How land authorities and Bahria Town (Pvt) Ltd colluded in violating
KARACHI: There’s Bollywood music blaring from somewhere. The tables at an outdoor tea stall are packed and waiters rush back and forth with steaming cups in hand. A corncob seller does brisk business at his pushcart. The street is full of cars and people. Every evening, this section of Tauheed Commercial in Defence Housing Authority Phase V throbs with activity, with the anticipation of making an overnight profit.
It is a casino of sorts – except that instead of roulette and blackjack, it is a game of real estate that is creating the buzz. The name of that real estate: Bahria Town Karachi (BTK), a sprawling, upmarket gated community being constructed off the Super Highway in the outer reaches of Pakistan’s largest city.
Scores of real estate agencies line two or three streets in Tauheed Commercial, almost all of them emblazoned with the Bahria Town Ltd logo.
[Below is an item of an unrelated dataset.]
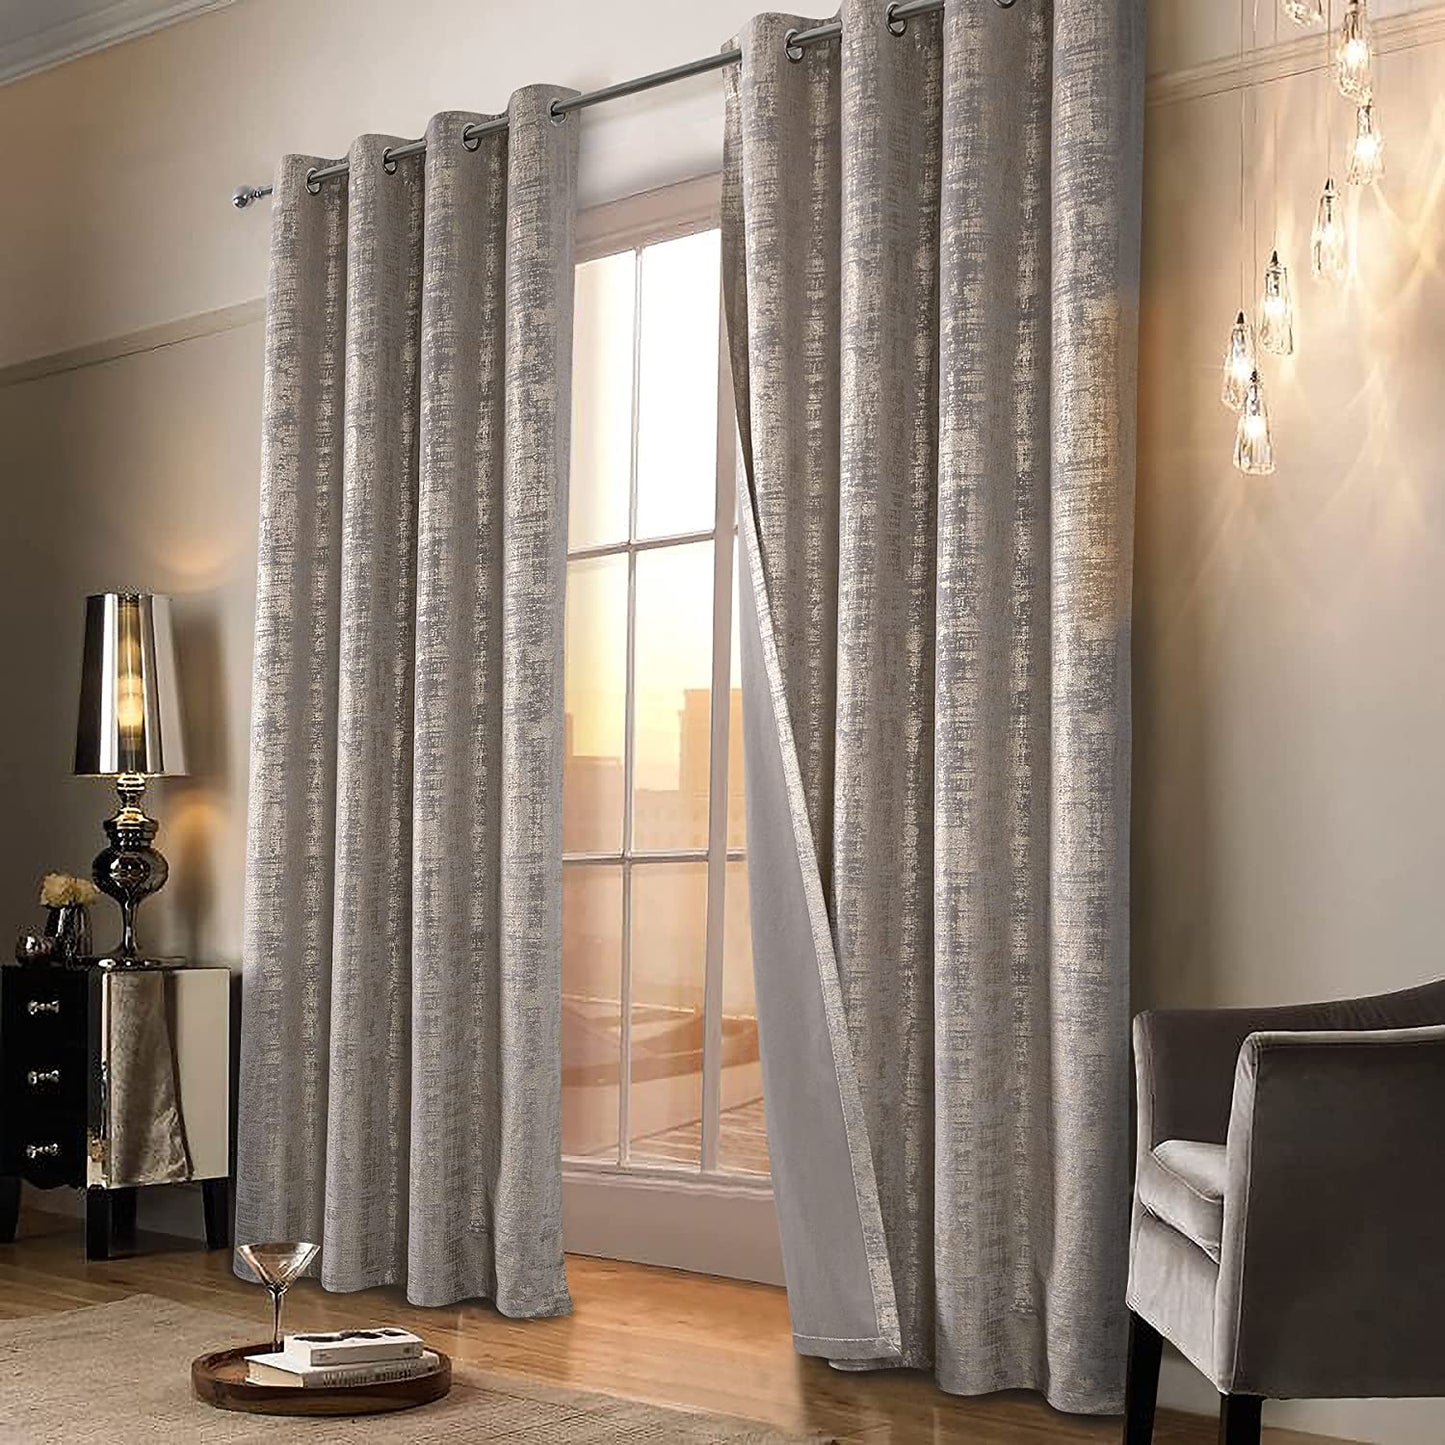 Always4U Soft Velvet Curtains 95 Inch Length Luxury Bedroom Curtains Gold Foil Print Window Curtains for Living Room 1 Panel White  always4u Champagne (Gold Print) 2 Panels: 52''W*95''L

Many among them are authorised dealers for Bahria Town real estate.
“A 125-square yard space in Midway Commercial has gone up by Rs.9 million in the two years since it came on the market,” said an agent about investment prospects in BTK. “In two years, I guarantee you, it’ll be Rs.80m.”
Another gleefully says that “there is almost no plot left unsold, even in the recently announced Sports City [a neighbourhood within BTK]”. Incidentally, one of these real estate agencies, run by two brothers, is also known for its very large hawala transactions for specific clients.
Even the registration forms for new projects in BTK are big business. According to a land official, “Each form can sell for over Rs.100,000, generating billions in sale and trade of the registration forms alone.”
The multibillion-rupee enterprise known as Bahria Town Karachi depends for its success on the brazen manipulation of the law by the political elite and land officials who, hand-in-glove with influential figures in the establishment, are using the state’s coercive powers to deprive rightful owners of their land.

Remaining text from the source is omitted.